Добавить в цитаты Настройки чтения

Страница 15 из 164



— Я хочу, чтобы вы ко мне приехали… — сказала Ольга Петровна, вдруг повернувшись от зеркала. Она сказала это, странно прищурив глаза и с некоторой поспешностью, даже почему-то оглянувшись при этом на дверь. Потом, глядя прямо Митеньке в глаза, прибавила с закрасневшимися щеками:

— Я вам скажу кое-что… женщина любит силу и новизну. Нет, сначала новизну, потом — силу, — поправилась она. — Ну, идите…

Она, как бы шутя, неожиданно сама прижала свою руку к его губам, и Митенька, целуя руку, сам не зная, зачем он это делает, тихонько сжал ее. Молодая женщина не отняла руки, но опять настойчиво сказала:

— Идите же…

Когда он оглянулся на нее на пороге, она стояла спиной к двери и держала у щеки руку, приложив ее обратной стороной ладони к раскрасневшейся щеке, потом быстро отняла ее, когда, повернувшись, увидела, что Митенька смотрит на нее.
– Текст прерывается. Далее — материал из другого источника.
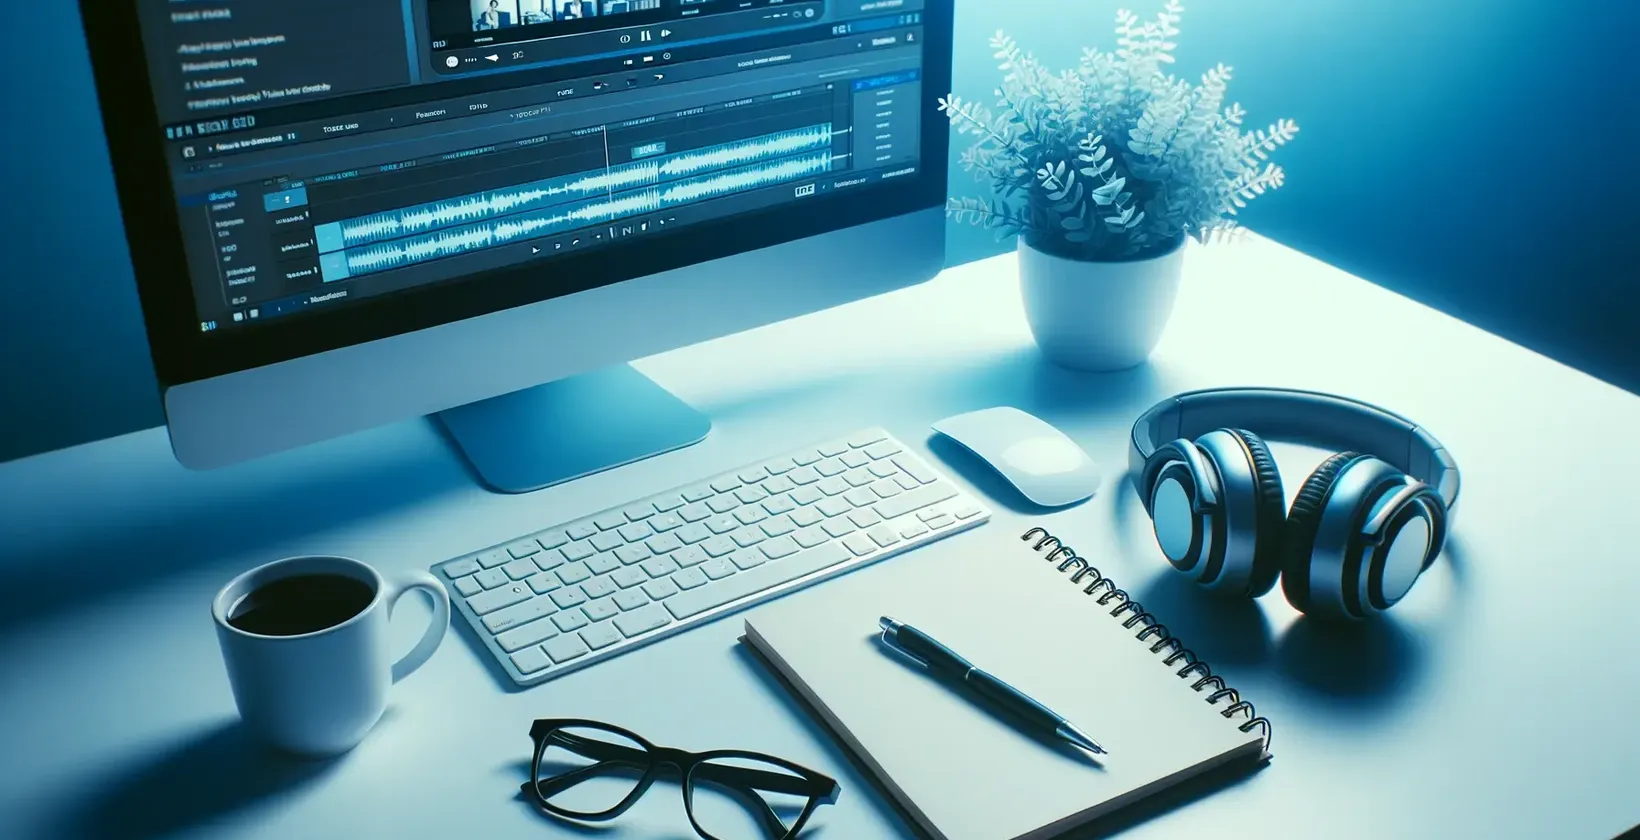 Espace de travail avec ordinateur affichant un logiciel de transcription audio, écouteurs, bloc-notes, lunettes et tasse.

Была еще ночь, и дом ярко горел двумя этажами освещенных окон. Но уже было какое-то близкое предчувствие рассвета. Небо незаметно бледнело, и на нем уже яснее вырисовывались неподвижные темные силуэты деревьев. Внизу, где был пруд, дымился едва различимый в полумраке утренний туман и на траву сильнее пала роса.

В полутемной большой проходной узкой гостиной, где горел в углу высоко на камине только один канделябр, ходило несколько пар, ушедших от яркого света в уютный полумрак. Сюда мягко доносились звуки музыки и голоса молодежи. Некоторые сидели в глубоких креслах, тихо разговаривая между собой. На площадке перед домом тоже бродили пары.

Валентин Елагин, взяв с собой с закусочного стола бутылку портвейна и красного, уселся с Петрушей в полумраке одной из проходных гостиных.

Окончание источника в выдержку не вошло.